Now Lisbon's in force, Parliament has nowhere to hide

1st December 2009, and the Lisbon Treaty is in force (well, it has amended the two treaties that make up the constitution of the EU, anyway). It's biggest innovations were the extension of Qualified Majority Voting in the Council and the increase of Parliamentary power - the two are pretty much in step. The European Parliament wasn't powerless before, but now it is virtually an equal to the Council, except in areas of unanimity, such as foreign affairs.

So now there's nowhere for Parliament to hide - it has to prove that it's deserving of these powers; that it's willing to go further in holding the to account, in staking out it's own position more clearly from the Commission and Council, and it must go further in transparency - both from itself, and from the Council and Commission. The Commission President's Question Time needs to become more focused as well: now MEPs have more power, they should prove themselves able to get a good handle on the different issues and ask the awkward questions - this doesn't mean ranting on about political points (I'm looking at you, Martin Schulz), but digging around and making sure you put Barroso and other Commissioners on the spot to open up the Commission to real scrutiny.

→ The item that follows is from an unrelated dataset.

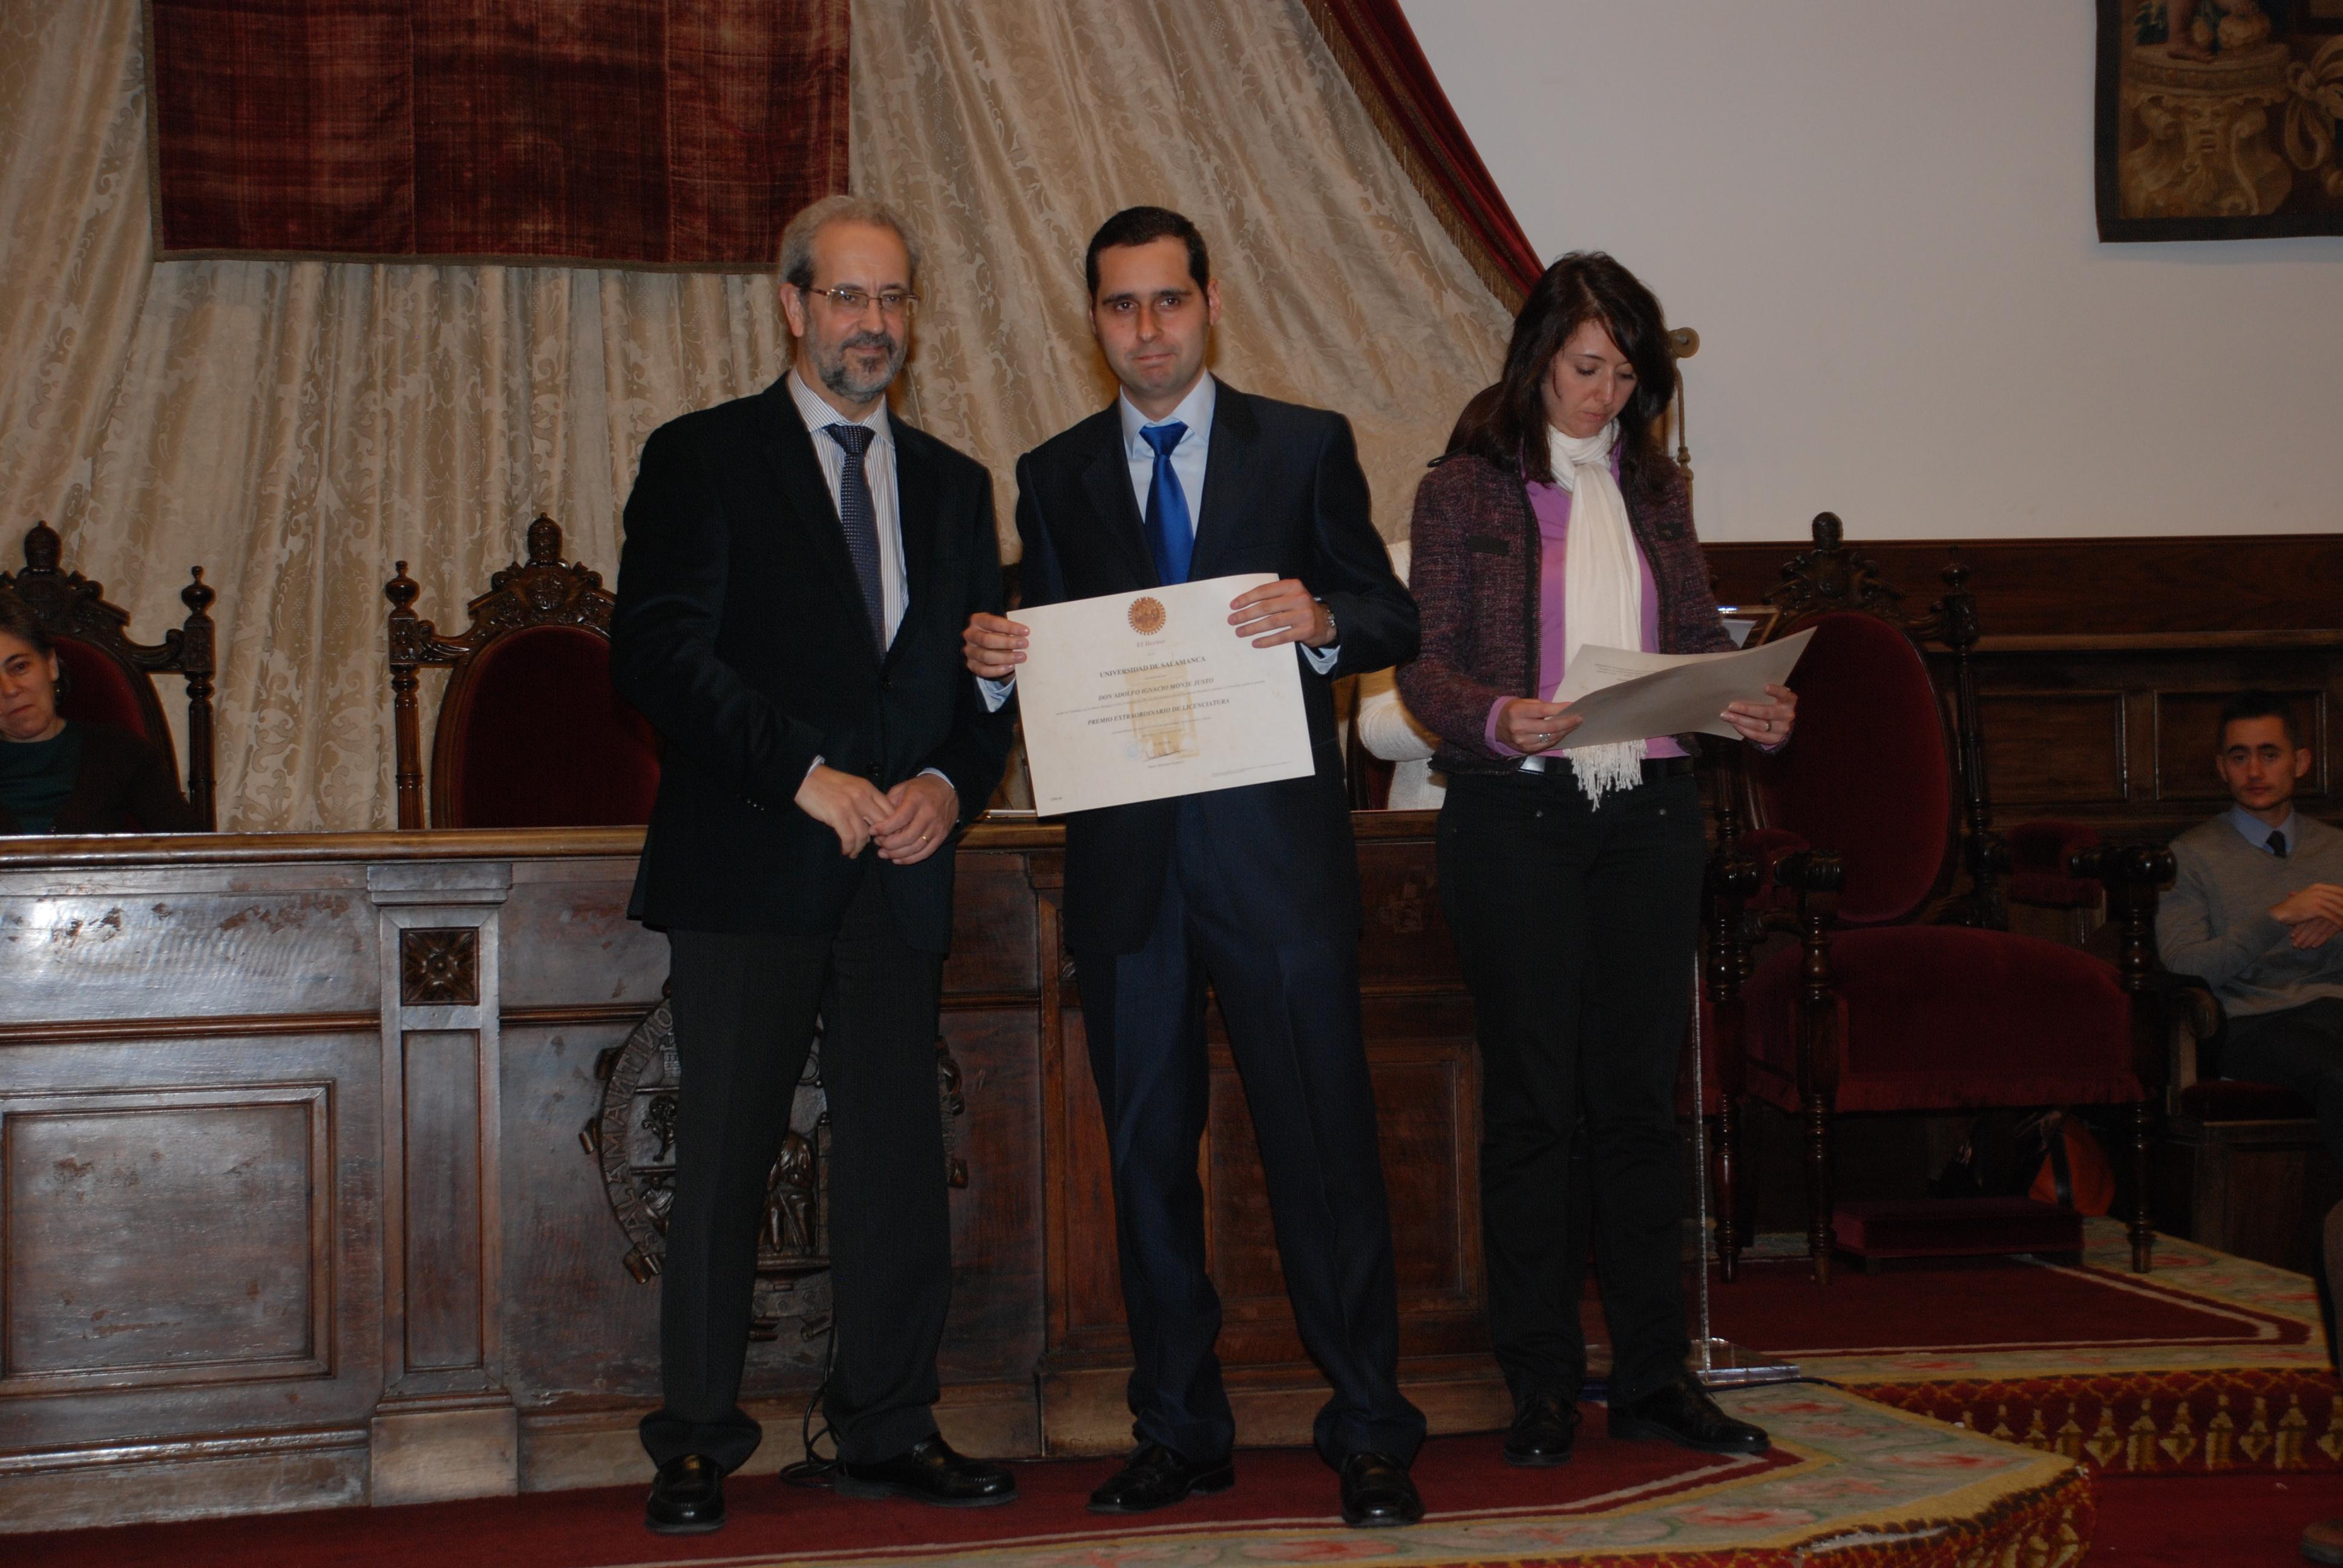 Un centenar de estudiantes recibe los premios extraordinarios de Grado, Grado de Salamanca, Máster y Doctorado de la Universidad de Salamanca

The hearing of the Commissioners in the run up to the vote in January must be rigorous, revealing, and truly testing for the Commissioners-designate. In particular, Baroness Ashton's positions on Iran, Russia, the Middle East peace process, energy policy, the Eastern Partnership, etc. must be made clear. Likewise, Oettinger needs to be pushed on how he wants to see the EU's energy policy develop; it's an important portfolio, and one that the Commission has proven quick to move on in Barroso I, with important energy market reforms and the implications of climate change politics - is Oettinger up to the job? The Parliament needs to be willing to reject the Commission if it doesn't correspond to its political views; it shouldn't just rely on there being someone who can be easily recognised as objectionable even through a lazy media glance - a list of good policy reasons should be enough. There doesn't need to be a rejection of the Commission just to ritually assert the Parliament's position, but they should make sure the opportunity to shape it doesn't pass them by.

Finally, and as a greater task, all the parties in the Parliament should work to make their mark outside the Brussels Bubble in the public's minds. Better Parliamentary debates help, and will hopefully entice the media to report on them more, but the parties need to make their presence felt more in the mainstream media and at grassroots level. The Citizen's Initiative could be an excellent way of doing this if done right: a campaign for a certain policy for the media to report on, co-operation across borders with common campaigns, engaging people in European politics ("We need your support! This is what we're trying to do for you in Parliament and the EU!") and it builds up at least some recognition of the Euro-parties (or at least the position of the national parties on European issues, which will be helpful in any case come election time).

The Citizen's Initiative requires 1 million signatures across borders, and the Euro-Parties are supposed to help express cross-border political debate. The link and the logic should be obvious, and the party to latch on to it and to runs campaigns well - and follow them up in Parliament effectively - would be laying good groundwork for the 2014 elections.

Now that Lisbon's in force, we deserve a better working Parliament - more transparency, scrutiny and engagement. There are no more excuses for not trying.